La lombriz se agita.

Parece enfurecida por la necesidad de comida.

Pasaron las horas y el mediodía me sorprende manejando, sin más alimento que el café negro que tomé al levantarme; la 31 poniente cargada de coches, de ida y vuelta.

Al pasar la 19, el olor a mantequilla frita se mete por la ventanilla y sin pensarlo busco un lugar.

Tortas y empanadas, o pastes, como los llaman en Hidalgo –Estado que debe sentirse orgulloso de su Real del Monte, pueblito mágico con un aire inglés; soportado por la memoria de sus muertos, la mayoría explotados en las cavernas que les dieron una vida prematura a cambio de un poco de dinero que llevar a sus hogares.

La lista es variada: desde la clásica de milanesa con quesillo, pasando por la de pierna adobada, queso de puerco o huevo con jamón.

Me inclino por la última y mientras la preparan me despacho un Boing de guayaba; sabe igual que cuando lo tomaba de niño –en envase de tetra pack en la primaria–, pero la verdad, con los cambios que he visto en estos últimos 40 años, ya dudo de lo envasado o embotellado: todo con azúcar en exceso, saborizantes, colorantes, sodio y cuanta porquería nos comemos a diario sin conocer realmente el contenido de los alimentos.

Bueno, venga ese refresco, frío para mitigar el hervor que corre por todo el cuerpo gracias a los casi 30 grados que asolan las calles.

–Aquí tiene su torta.

–Muchas gracias señorita.

–¿Dónde puedo lavarme las manos?

–El baño no sirve.

–Mh, ¿tiene gel?

–Sí, aquí está.

Me embadurno las manos con este líquido dizque mata bacterias –ese que se utilizó con exageración para limpiar los cajeros automáticos tres y cuatro veces por día cuando al Secretario de Salud se le ocurrió sembrar el pánico diciendo que estábamos en riesgo de sumarnos a una epidemia y que al final de cuentas resultó un chisme utilizado para adormilarnos.

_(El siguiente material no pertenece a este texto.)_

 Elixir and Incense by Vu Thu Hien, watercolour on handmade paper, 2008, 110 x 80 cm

Por si las moscas envuelvo la torta en una servilleta y antes de llevarla al matadero, la miro con detenimiento: observo la telera, el queso, el huevo hecho una tortilla con jamón, la lechuga, el aguacate y todos los ingredientes ahí enfiestados para agasajar al comensal.

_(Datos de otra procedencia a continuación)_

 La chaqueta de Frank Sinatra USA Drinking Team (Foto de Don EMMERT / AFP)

Pierdo la cuenta de cuánta gente participó en la elaboración de este bocadillo, pero trato de identificar a cada uno, desde quien sembró el trigo, lo cuidó, cosechó, vendió, quien lo procesó para hacer la harina y luego el panadero que también ocupó la mantequilla que se extrajo de la vaca; el fuego que horneó la pieza en un artefacto construido por un herrero que utilizó metal extraído de las minas, trabajado por obreros que luego lo procesaron en las fundidoras.

La siembra de los chiles, los campesinos levantando las lechugas o pizcando los aguacates; los camiones rebosantes que llevan el recaudo a los mercados; la mayonesa, la sal; cada ingrediente que pasó por un largo proceso desde que fue ideado hasta que llegó a la tortería.

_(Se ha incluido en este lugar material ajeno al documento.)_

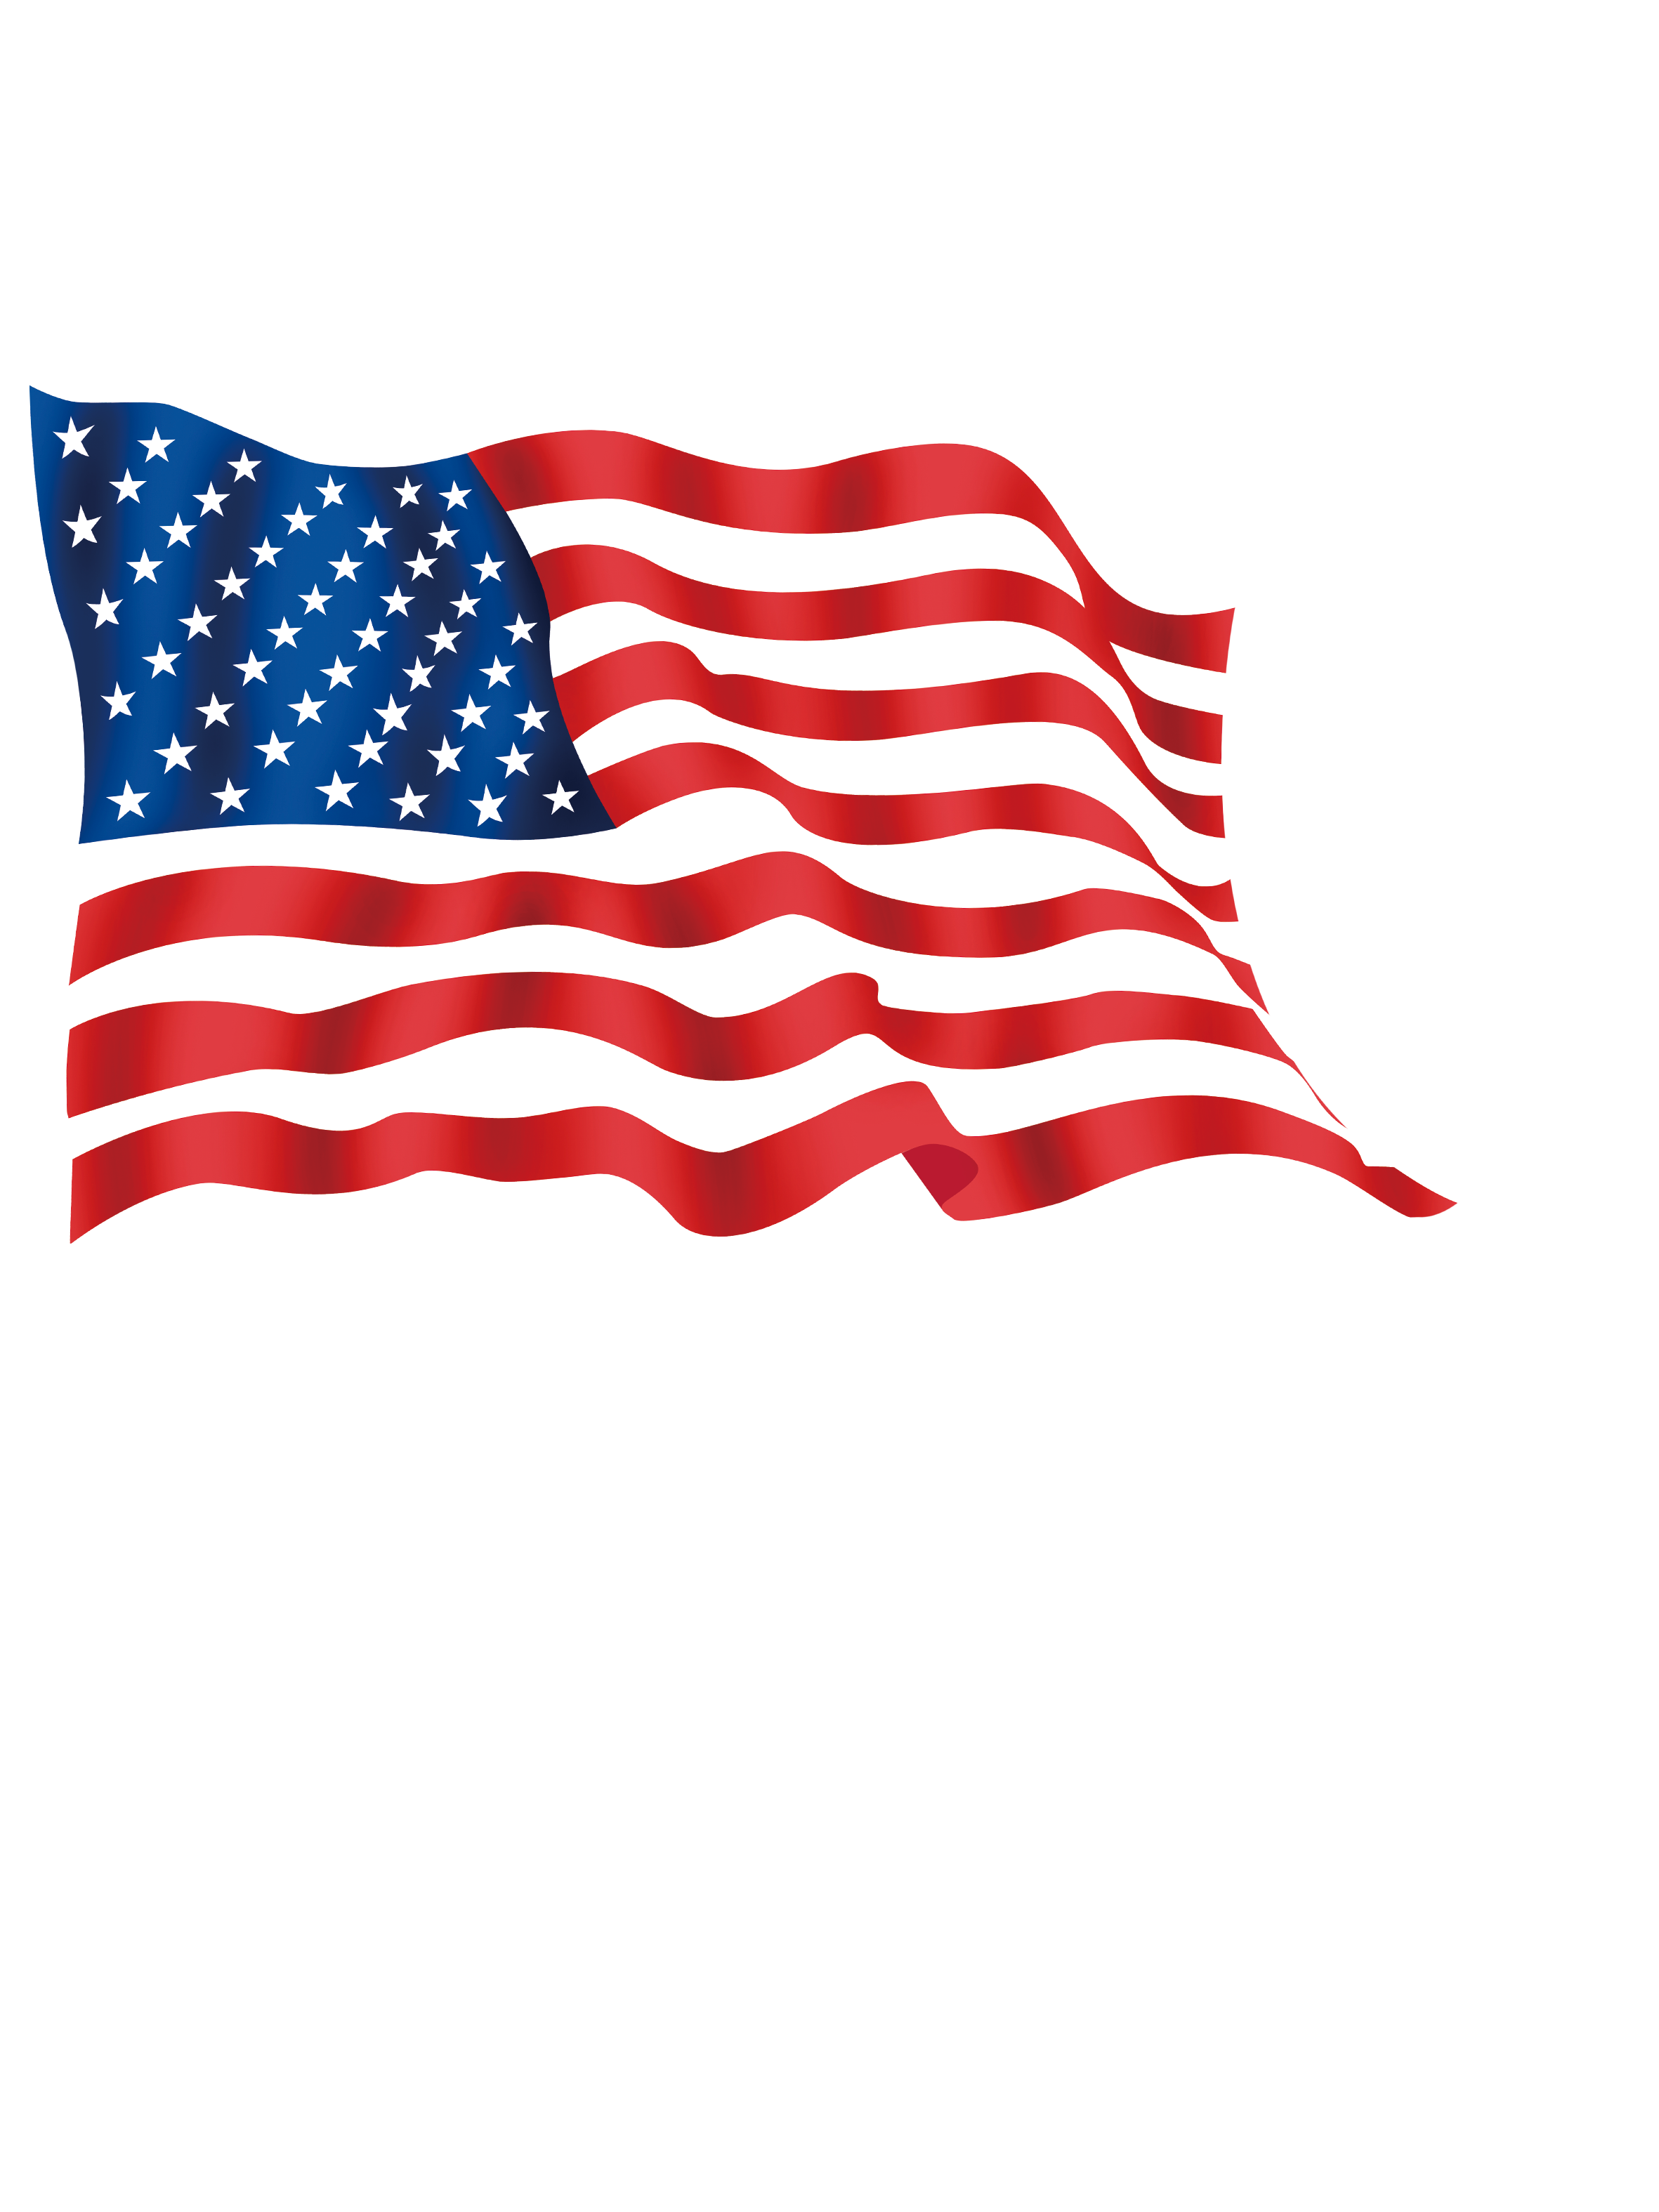 United states president chalk clipart svg transparent stock Flag of the United States Clip art - American flag png ... svg transparent stock

La torta se me revela como un universo en el que confluyen las manos trabajadoras de miles de mexicanos que hacen posible conjuntar en un solo producto tanto trabajo.

Los 26 pesos que me cuesta son irrisorios para este ejército que intervino en su preparación.

Disfruto el primer bocado y degusto todos los sabores convertidos en uno solo: el de la torta de huevo con jamón.

Mientras desaparece, bocado a bocado, pienso con desprecio en el arroz de plástico y los huevos clonados de los chinos.